Spotify for TV – could it finally be true?

Rumours that Spotify may diversify from music to TV have cropped up almost since the service began four years ago.

The latest peddler is Danish public broadcaster TV2, whose Beep tech site says it has learned that Spotify is negotiating to distribute HBO’s upcoming HBO Nordic over-the-top pay-TV service across Sweden, Norway, Finland and Denmark.

Spotify’s PR folks are being strategically coy, telling paidContent: “There’s always a lot of speculation surrounding Spotify but it’s something we never comment on.” HBO Nordic’s Danish reps also gave us a no-comment. Curious.

The notion that Spotify could branch out from music has always tended to pay more debt to fantasy (and, in fairness, to Spotify’s disruptive qualities) than to fact. Right now, Spotify’s application has no apparent way to deliver video.

But could there be truth this time around?

Besides the partners’ refusal to debunk the report, what is true is that Spotify has considerable clout across the region. At home in Sweden, the service has become music labels’ biggest revenue source; almost 90 percent of music revenue comes from streaming.

Spotify’s billing relationships with several million users throughout the region could prove attractive to HBO as it looks to export its programming on a legal subscription basis.

In fact, that billing relationship alone could be appealing enough for HBO – despite Spotify’s inability to offer video, Spotify customers could nevertheless use HBO Nordic on other platforms and devices. If HBO rode Spotify for bundling in this way, it would be highly ironic, since Spotify itself is desperately seeking bundled-billing partners.

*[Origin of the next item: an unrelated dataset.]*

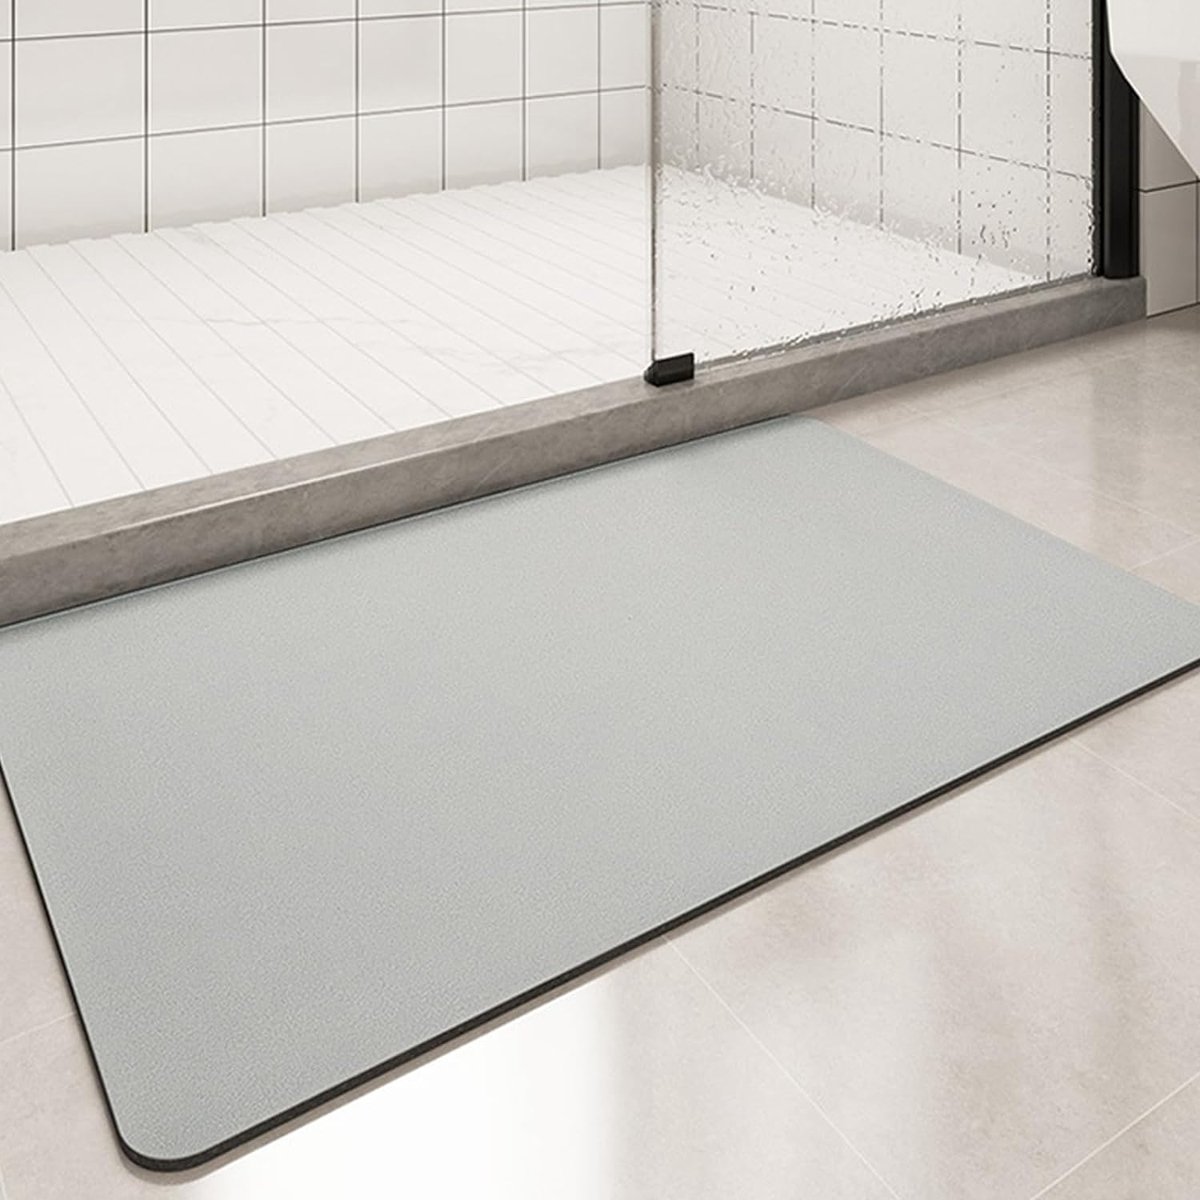 Badmat, antislip, super absorberende vloermat, sneldrogende badkamermat, absorberend badkamertapijt voor thuis, eenvoudige badkamermat (lichtgrijs, 80 x 50 cm)

If it works at home, then Spotify could try exporting the TV idea elsewhere, just like it has with music. That would broaden Spotify’s base considerably to becoming a multi-media subscription entertainment company – but it would also put it on a collision course with some far more powerful rivals, and put it at risk of focus creep.

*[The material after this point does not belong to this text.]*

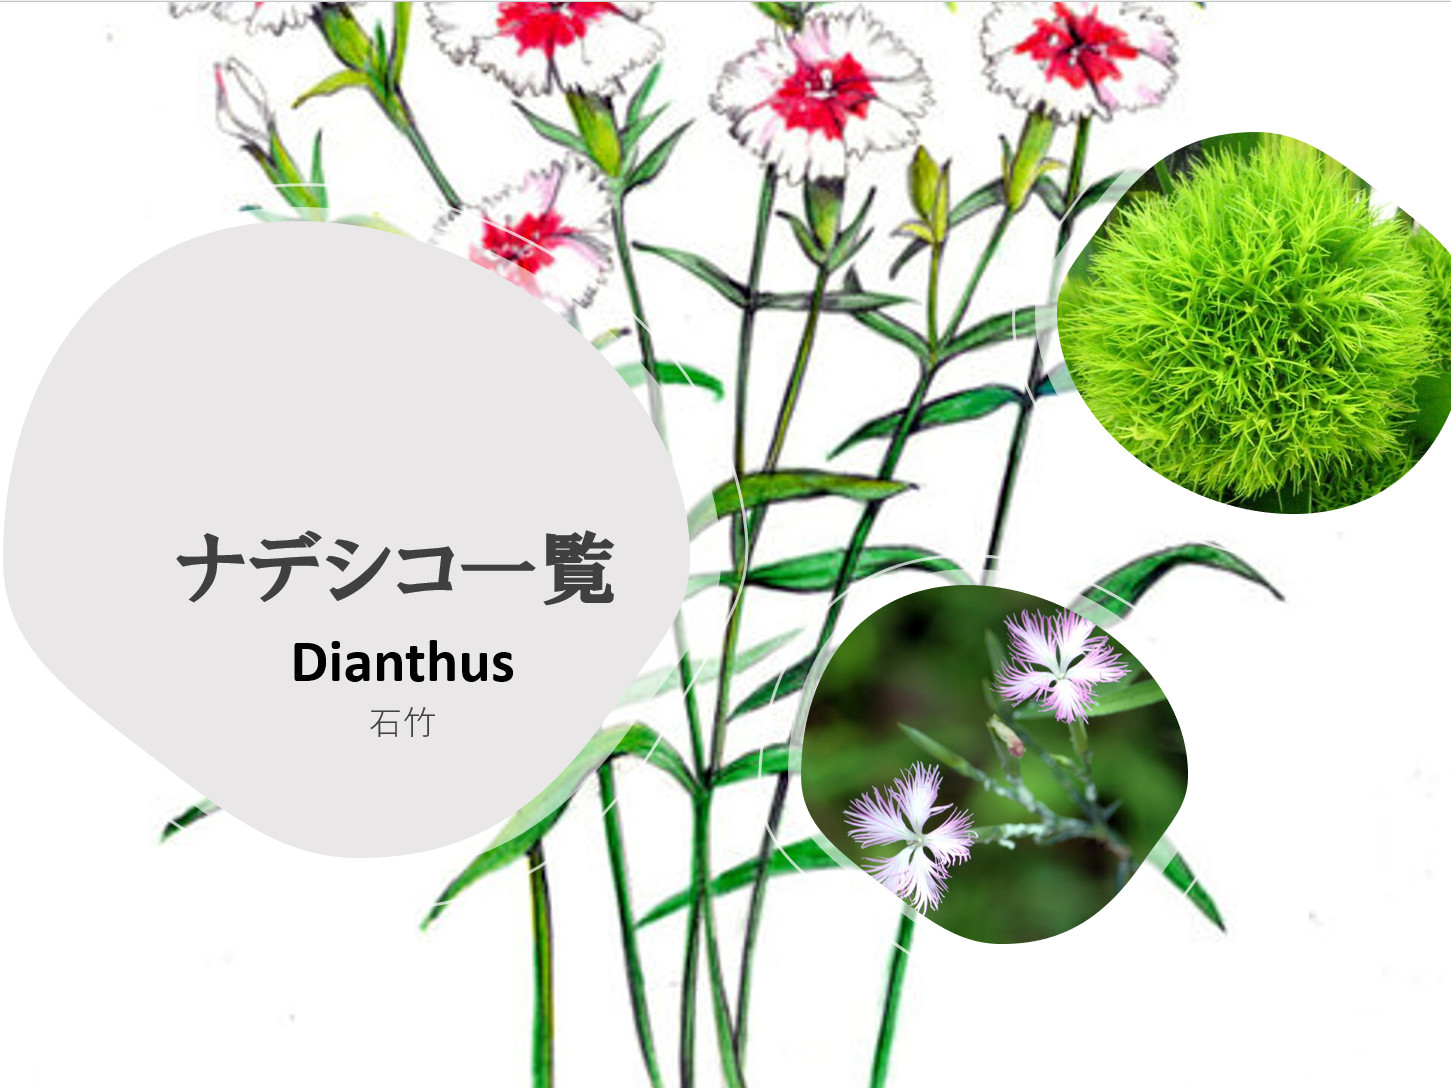 
<br />Dianthus

Spotify offering HBO Nordic could also put it at odds with its most important regional partner…

Scandinavian telco TeliaSonera – which has a Spotify bundling deal – already plans to offer HBO Nordic itself to its 900,000 TV customers and on the web for €10 per month.

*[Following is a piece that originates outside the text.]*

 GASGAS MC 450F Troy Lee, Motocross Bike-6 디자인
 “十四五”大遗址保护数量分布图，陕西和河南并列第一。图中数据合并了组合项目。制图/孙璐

Spotify gets a quarter of its Premium customers in Sweden from TeliaSonera, the deal with which runs across TV app, mobile and broadband service.

Recently-announced HBO Nordic, launching in mid-October, will offer HBO shows like Boardwalk EmpireGame of Thrones and True Blood outside of pay-TV subscription but for internet subscription or on-demand transactions, right after U.S. premiere.

Netflix prefaced HBO’s announcement of HBO Nordic by announcing it will also go live in Scandinavia, marking the first time HBO and Netflix squarely will compete for the same customers on the internet.

HBO Nordic will also come pre-installed on Samsung devices.

Comcast product management executive director Mike Berkley became Spotify’s product VP in April.